Tuesday, November 29, 2011

Inner values

Entirely sensible:
Developing inner values is much like physical exercise. The more we train our abilities, the stronger they become.
-- The Dalai Lama

Monday, November 21, 2011

Monday Meditation Picture Blogging

(Click to enlarge)

Something about boundaries

A friend of the Center who runs a recovery email list sent out the following today:
Boundaries define our comfort zone. They can be physical or emotional. We enforce them to protect our bodies and our emotions as well.
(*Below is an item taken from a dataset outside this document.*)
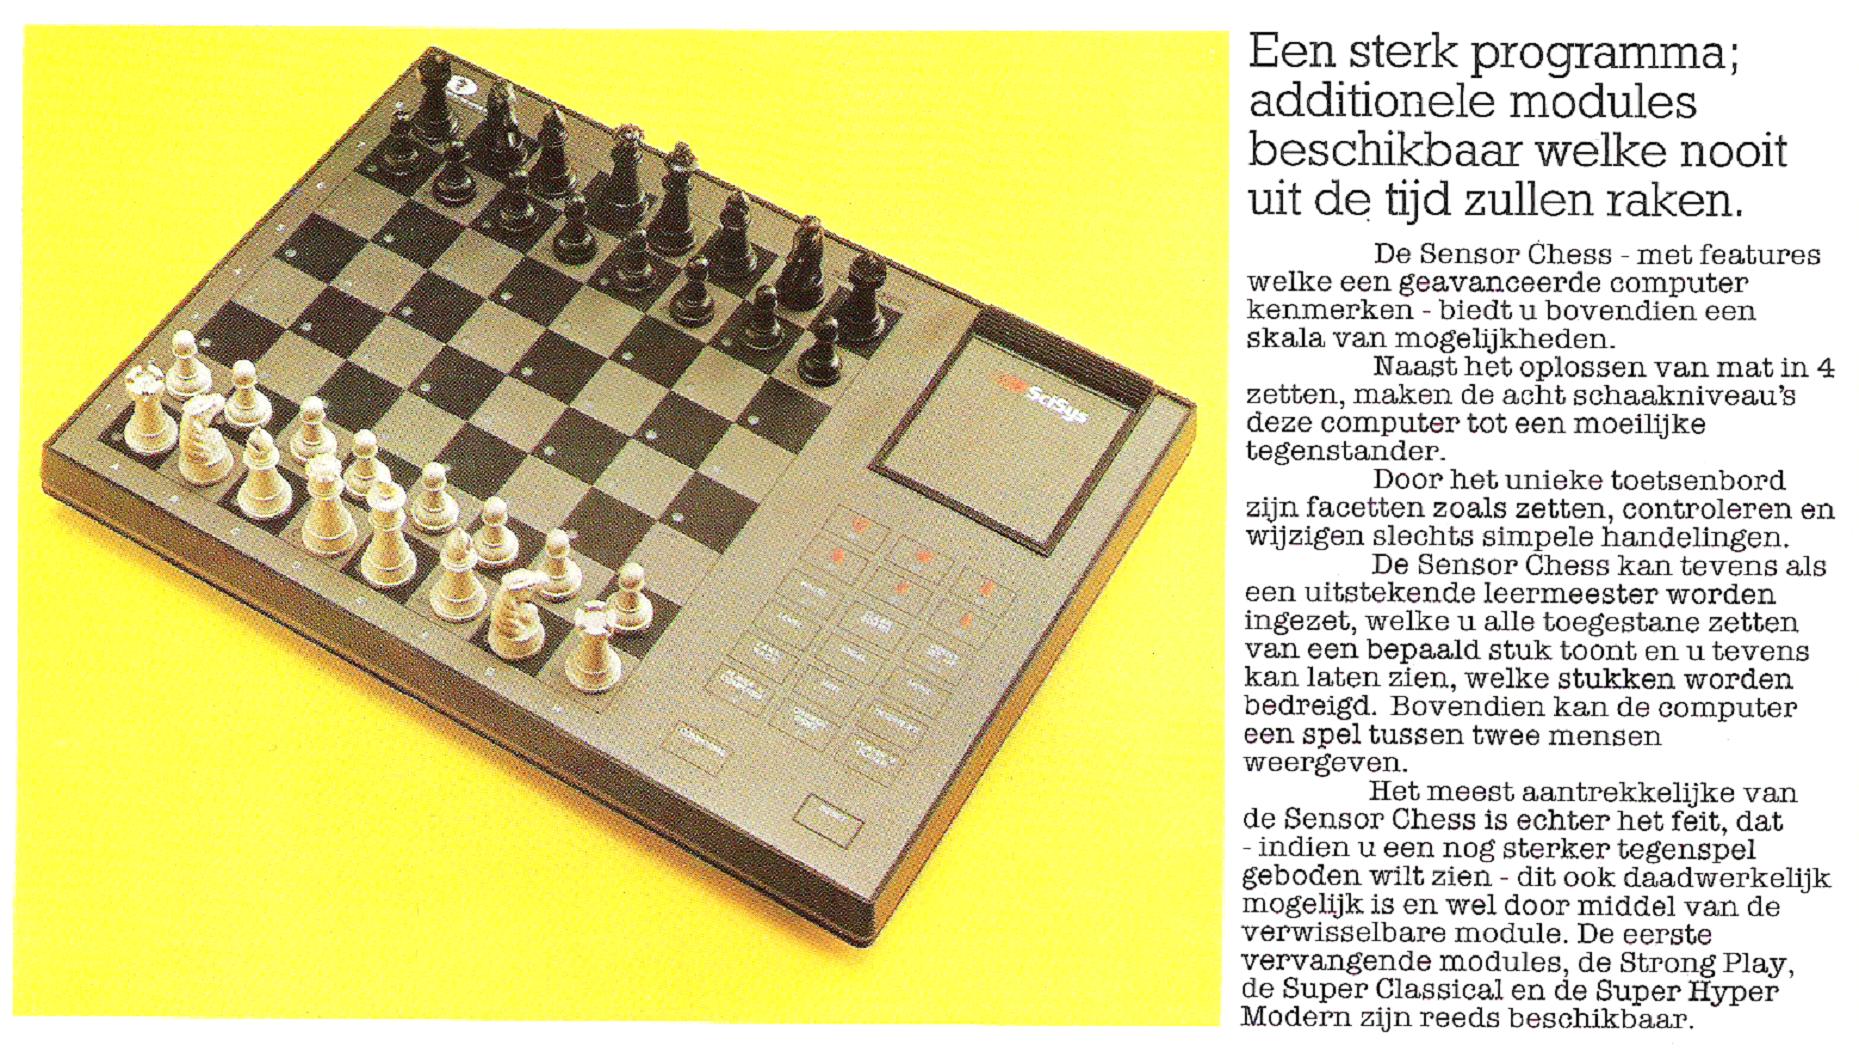 SciSys Sensor Chess (1981/82) De geavanceerde schaakcomputer met uitwisselbare modules De schaakcomputer die jarenlang een topper blijft SciSys brochure (1981/82) SciSys Sensor Chess (1981/82) 8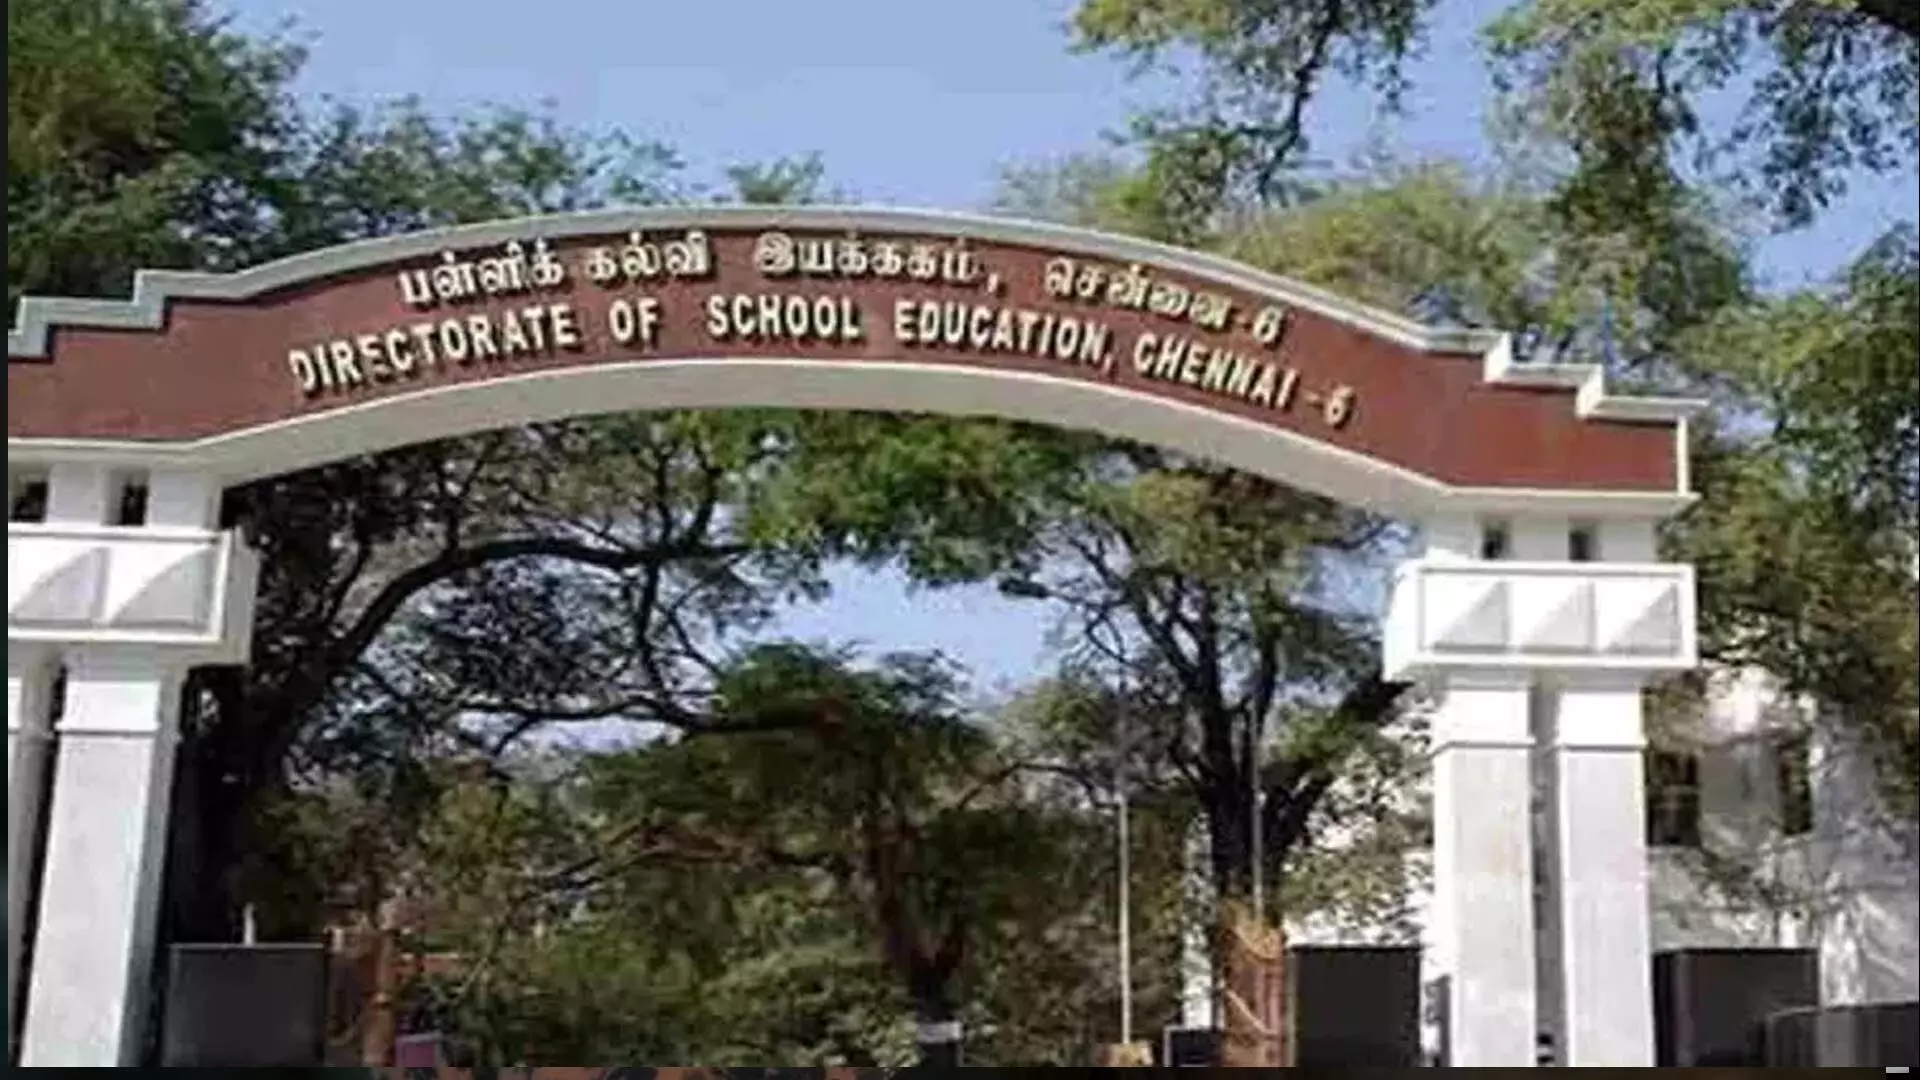 तमिलनाडु स्कूल शिक्षा विभाग माता-पिता, कर्मचारियों, शिक्षकों को थोक संदेश भेजने के लिए व्हाट्सएप के साथ गठजोड़ करेगा

In recovery we learn to enforce our boundaries by standing up for our rights against all manner of actions by others that are inappropriate in either physical or emotional space. Physically, this could range from firm rejection of physical or sexual abuse to not permitting touching of our shoulder, leg, or other body part. Emotionally, the range might cover our need to protect ourselves from efforts to brainwash us into doing something wrong to just not letting others tease us or not responding to requests for our personal information. I have the right to indicate my unwillingness to tolerate comments that are gross or offensive and the right to insist that my personal space not be invaded. For best health, I will ensure that my boundaries are neither too rigid to allow contact with others with whom it is appropriate to open up to nor too loose to allow me to get run over. I will also respect the boundaries of others.
Establishing and maintaining healthy boundaries is definitely part of a good meditative practice.

Friday, November 18, 2011

Friday Cat Blogging!


Something about our lifestyle

This is really seomthing to think about:

The cause of all our personal problems and nearly all the problems of the world can be summed up in a single sentence: Human life is very deep, and our modern dominant lifestyle is not.

- Bo Lozoff


Wednesday, November 16, 2011

Wednesday life form blogging


"Actively do nothing"

I'm reposting here what I think is a very profound meditation instruction:

Take a seat ...and just sit. .... Relax. Don't try to do anything at all. Don't try to make anything come, don't try to make anything go leave. Let everything do its own work, chart its own course. As you sit, just sit with the world, with whatever is there, all of the arisings and passings away in your mind, body, and environment. As you notice sights and sounds, thoughts and feelings, memories and anticipations, relax into them. Relax your mind and body. Actively do nothing. Make no efforts. Just sit, just be, at least for now
The mentality is this. There is nowhere that you need to go, nothing that you need to achieve, no one that you need to be....

- Jundo Cohen

This is a very powerful antidote to the all too frequent obsession with "getting it right" in meditation.

Monday, November 14, 2011

Monday Meditative Picture of the Day


The down side of multi-tasking

In an article about how to be happier, I found this:
Do one thing at a time. Edward Suarez, Ph.D., associate professor of medical psychology at Duke, found that people who multitask are more likely to have high blood pressure. Take that finding to heart. Instead of talking on the phone while you fold laundry or clean the kitchen, sit down in a comfortable chair and turn your entire attention over to the conversation. Instead of checking e-mail as you work on other projects, turn off your e-mail function until you finish the report you’re writing. This is similar to the concept of mindfulness.
You can read the rest of it right here.

Sunday, November 13, 2011

Sunday art blogging

Artist: Seitei (Shotei) Watanabe 1851-1918
Image from Wikimedia Commons

Something that makes SO much sense

This little snippet by Waye Muller:
"Once people feel nourished and refreshed, they cannot help but be kind; just so, the world aches for the generosity of a well-rested people."
So, let's give ourselves that nourishment and refreshment and stop telling ourselves that we don't have time to meditate...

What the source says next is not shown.